After Communism fell in 1989, the Zwacks bought their company back and the true, heady Unicum recipe was embraced, János’s son Péter reviving the name both domestically and abroad.
“Everybody has a personal story with Unicum. It has spiritual content and it’s timeless, surviving our history,” explains Gulyas.
“I think I would love Unicum even if I didn’t know anything of its heritage, but once you get the whole picture, wow,” says Dez O’Connell, a bar consultant who oversees all the beverage programs for Budapest’s BrodyLand portfolio, including the events hub Brody Studios.
“Unicum is the story of Hungary politically and socially since the Hapsburg Empire to the present day.
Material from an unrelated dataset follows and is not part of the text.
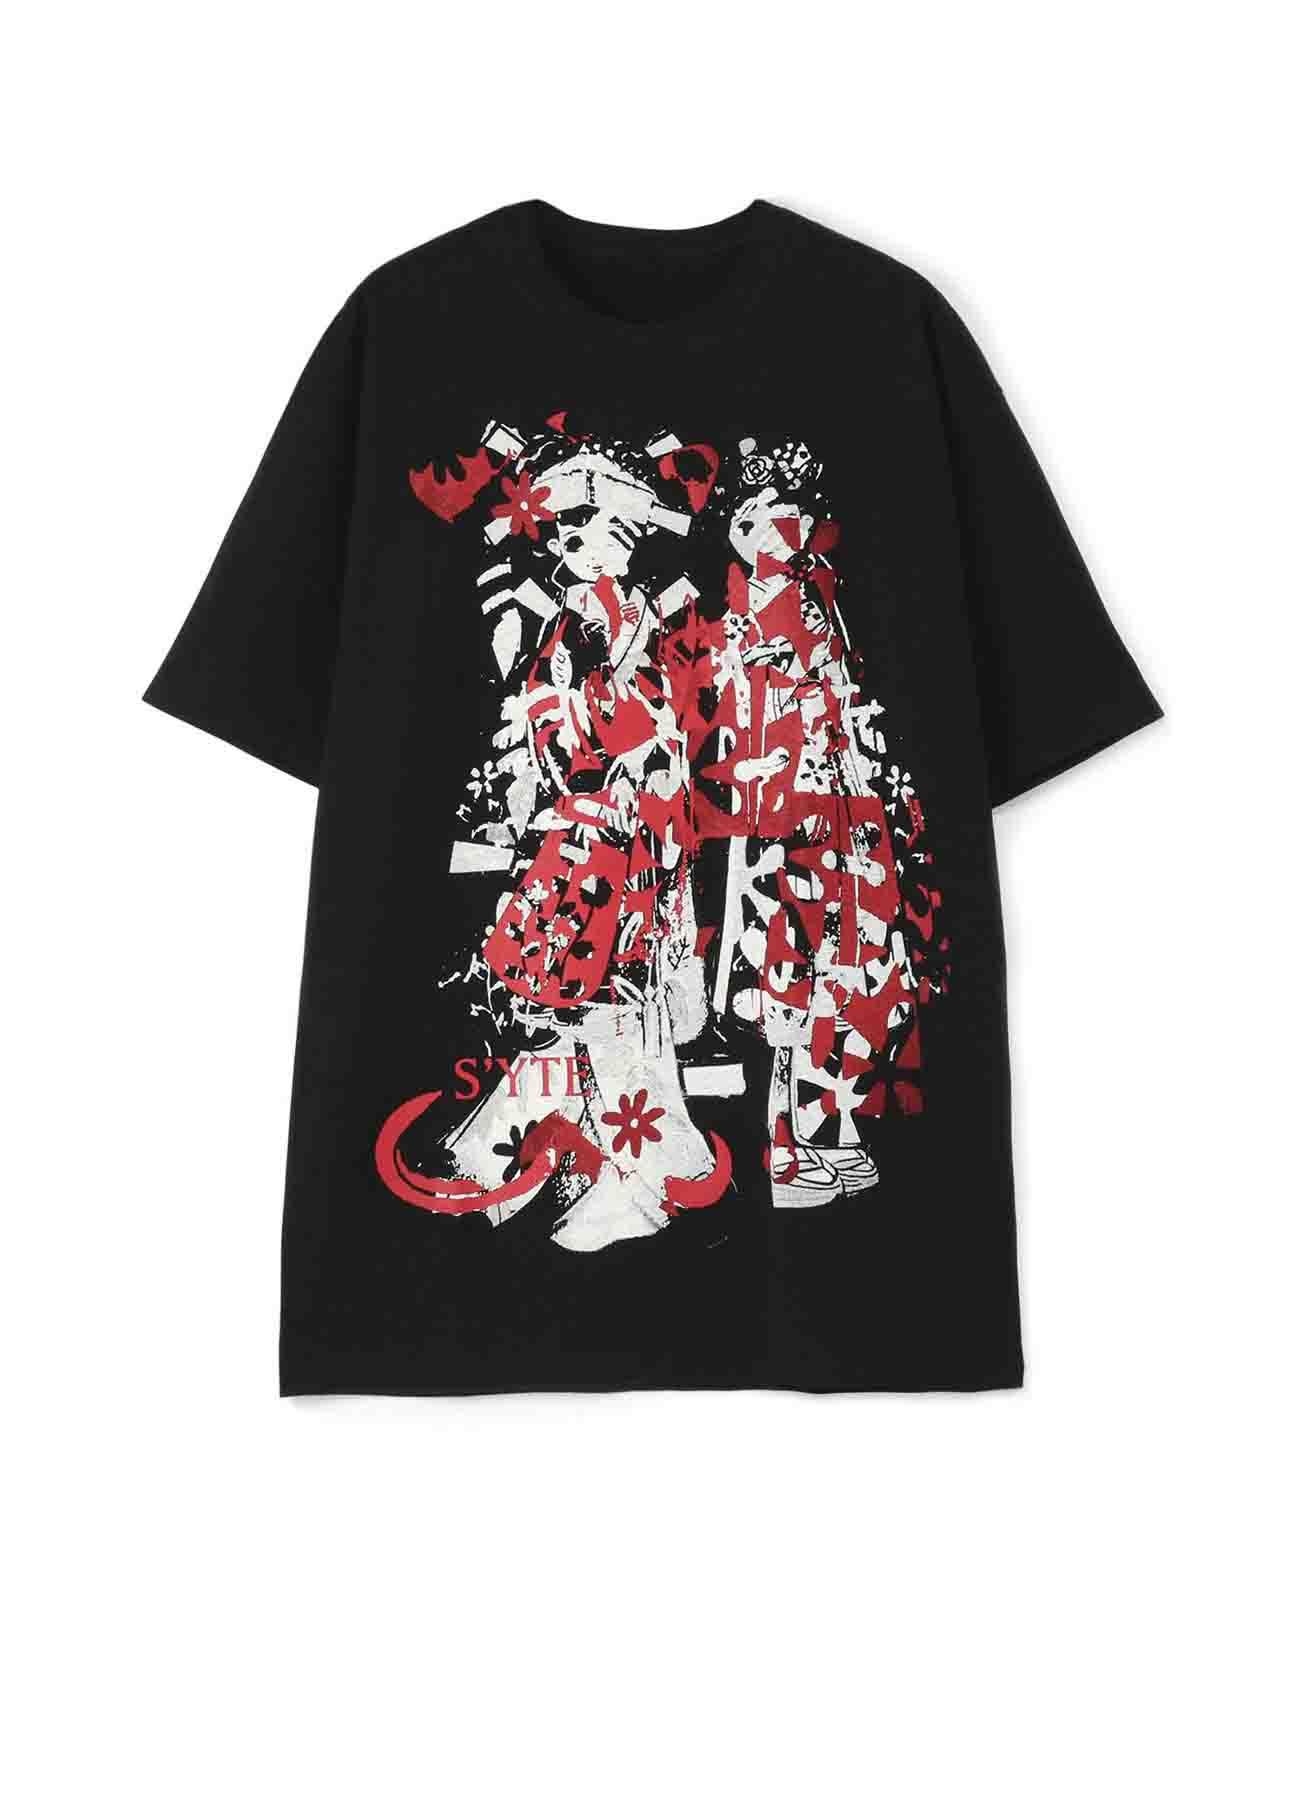 20/CottonJersey Dress Kimono Paper Doll T-Shirt

That of course gives it a special place in most Hungarian hearts and stomachs.”
A symbol of unity
A fixture on Budapest bar shelves, Unicum is best enjoyed while in the company of friends and family, attesting to the importance Hungarians place on convivial, food-fueled social gatherings.
Ferenc Varsányi, partner at the cozy barber shop turned cocktail den Hotsy Totsy, adds that “it brings families together. Hungarians don’t drink Unicum just on special occasions. It’s a symbol of unity.”
It’s most likely to consumed as a room temperature shot, but Varsányi prefers drinking it from a tasting glass, “letting it rest a bit to express the depth of flavors and the enormous spice.”
He also relishes it chilled, straight out of the freezer, but says it particularly hits the spot in hot weather when served on the rocks.
However, O’Connell recommends drinking Unicum alongside a pilsner.
Because of its intensity, Unicum “is not the most obvious of cocktail ingredients,” notes O’Connell who uses it sparingly, integrating a spoon or two into drinks that lend themselves to a bit more texture.
Likewise, Varsányi sometimes swaps it in as a bolder alternative to Campari or weaves it into hot toddies.
Home bartenders, however, should seek out two cocktail friendly Unicum variants: Szilva and Riserva.
The former is made by macerating plums in casks that once held Unicum, the latter is aged twice, the second time in barrels that formerly housed Hungary’s prized sweet Tokaji Aszu wine.
“The bitter notes are dialed down, replaced with fruitier, oakier flavors,” O’Connell points out.
For instance, the Kollázs bar at the Four Seasons Gresham Palace Hotel Budapest offers the Puszta Reloaded, a riff on a traditional Hungarian cocktail made with Tokaji wine, apricot brandy, and herbal liqueur.
A refreshing sweet and sour libation, it marries Unicum Riserva with unripe grape juice.
“We recommend this drink to our guests who would like to experience Hungary through its classic flavors,” says bartender Attila Farmasi.
While Unicum can be appreciated in almost any Budapest bar, perhaps the most fitting backdrop is at its historic distillery, located close to the Danube in the gritty District IX.
With advance notice, curious imbibers can book a tour, navigating a maze of oak barrels and soaking up the charming museum, filled with vintage photographs, posters, and curios, including a particularly impressive collection of some 17,000 mini bottles.